Repository files navigation

INDEX — Research Synthesis Engine

A client-side research aggregation tool that queries 18 academic databases in parallel, scores source quality, detects consensus, and synthesizes answers using a local NLP pipeline and optional free AI summarization via Hugging Face. Zero cost. No API keys. Runs entirely in the browser.

What It Does

  1. Searches 18 research sources in parallel — arXiv, PubMed, Crossref, OpenAlex, Semantic Scholar, DOAJ, CORE, Zenodo, bioRxiv, medRxiv, PLOS, Europe PMC, DBLP, SSRN, IEEE, ResearchGate, Unpaywall, Wikipedia
  2. Synthesizes answers with a local NLP pipeline — TF-IDF with IDF weighting, bigram query matching, source quality weighting, length normalization, research-language boosting, and MMR (Maximal Marginal Relevance) diversity selection to avoid redundant sentences
  3. Optionally generates an AI summary via Hugging Face's free BART-large-CNN inference API — no key required, automatic retry if the model is cold-starting
  4. Scores evidence confidence — composite metric across result volume, source diversity, database tier, abstract richness, and query-match rate
  5. Detects source consensus — pairwise Jaccard similarity clustering plus contradiction-language scanning to report whether sources agree, conflict, or address different facets
  6. Rates source quality — each result is tiered by database reputation, abstract availability, and citation count (where available)
  7. Evaluates research bias using the BIAS FREE Framework across three dimensions: hierarchy, framing, and double standards

How to Use

  1. Open index.html in any modern browser
  2. Choose a mode: AI + Local NLP (Hugging Face + full pipeline) or Local NLP Only (zero external calls beyond the database queries)
  3. Type a research question or click a suggested topic pill
  4. Press Enter or click the search button
  5. Watch the loading dashboard as each database reports back across three phases: querying, NLP processing, and rendering
  6. Read the local NLP synthesis at the top, then the AI summary below it (if enabled)
  7. Check the confidence score and consensus analysis
  8. Browse sources (filterable by database), each with a quality badge
  9. Review the bias framework prompts
  10. All data is stateless — resets on reload

Two Modes

Mode What It Does External Calls
AI + Local NLP Full pipeline plus Hugging Face BART abstractive summarization Database APIs + one HF call
Local NLP Only Full local pipeline, no AI summarization Database APIs only

The local NLP pipeline runs identically in both modes.
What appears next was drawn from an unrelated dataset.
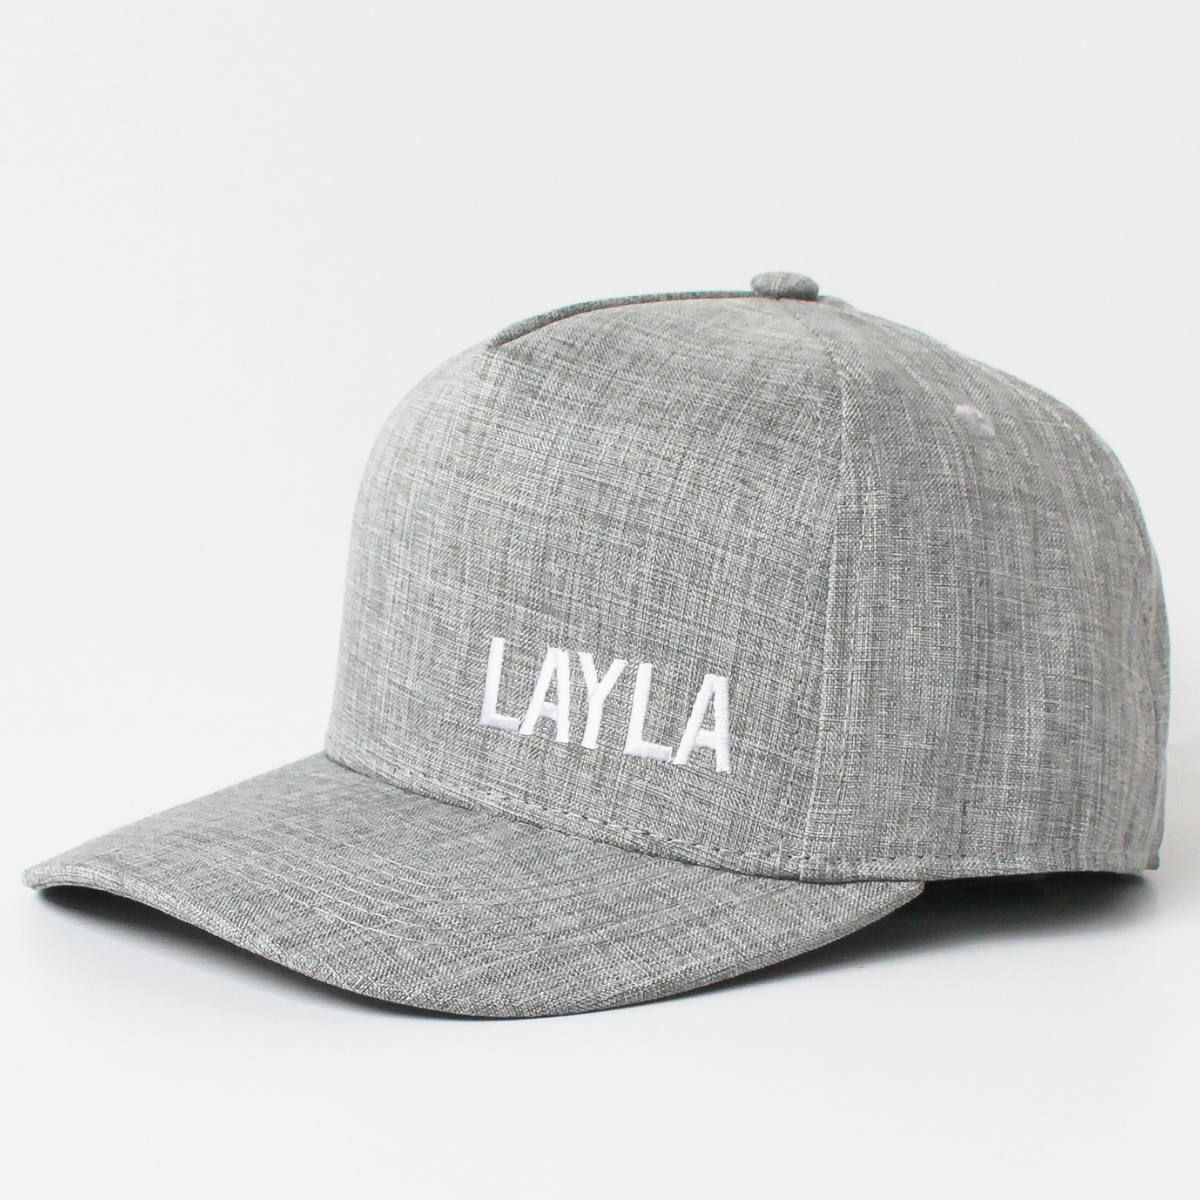 personalised customised grey snapback hat for kids and adults

The Hugging Face call is additive — if it fails or is slow, the local synthesis is already complete and visible.

NLP Pipeline Details

The local synthesis engine runs entirely in the browser with no dependencies:

  • Tokenization — lowercased, punctuation-stripped, with a 100+ word stop-word list
  • TF-IDF scoring — term frequency normalized by sentence length, multiplied by inverse document frequency across all source sentences, with a 4x boost for query terms
  • Bigram matching — query bigrams receive a +2 score bonus when matched in source sentences
  • Source quality weighting — sentences from higher-tier databases (PubMed, Crossref, OpenAlex = tier 3) score higher than lower-tier sources (Wikipedia = tier 1). Citation count and abstract availability add further weight
  • Research language boosting — sentences containing terms like "meta-analysis", "trial", "significant", "treatment", "outcome" receive a relevance bonus
  • Length normalization — prefers medium-length sentences (~120 chars) over fragments or run-on text
  • MMR selection — instead of picking the top N highest-scoring sentences (which often say the same thing), Maximal Marginal Relevance balances relevance against diversity using pairwise Jaccard similarity. Lambda = 0.6

Confidence Scoring

A composite 0–100% score computed from five signals:

Signal Max Weight What It Measures
Result volume 25 pts Raw number of results returned
Source diversity 20 pts Number of distinct databases that returned results
Source quality 25 pts Average quality tier across all results
Abstract richness 20 pts Proportion of results with substantive abstracts (>100 chars)
Query match rate 10 pts Proportion of results that match at least 50% of query terms

Thresholds: 65%+ = High, 35–64% = Medium, below 35% = Low.

Consensus Detection

Analyzes agreement across sources using two methods:

  • Jaccard similarity clustering — computes pairwise word overlap between the top 15 source abstracts. High average similarity (>12%) with few contradictions indicates agreement. Low similarity (<6%) with high contradiction count indicates active disagreement.
  • Contradiction language scanning — flags sources containing terms like "however", "contrary", "disputed", "conflicting", "inconsistent"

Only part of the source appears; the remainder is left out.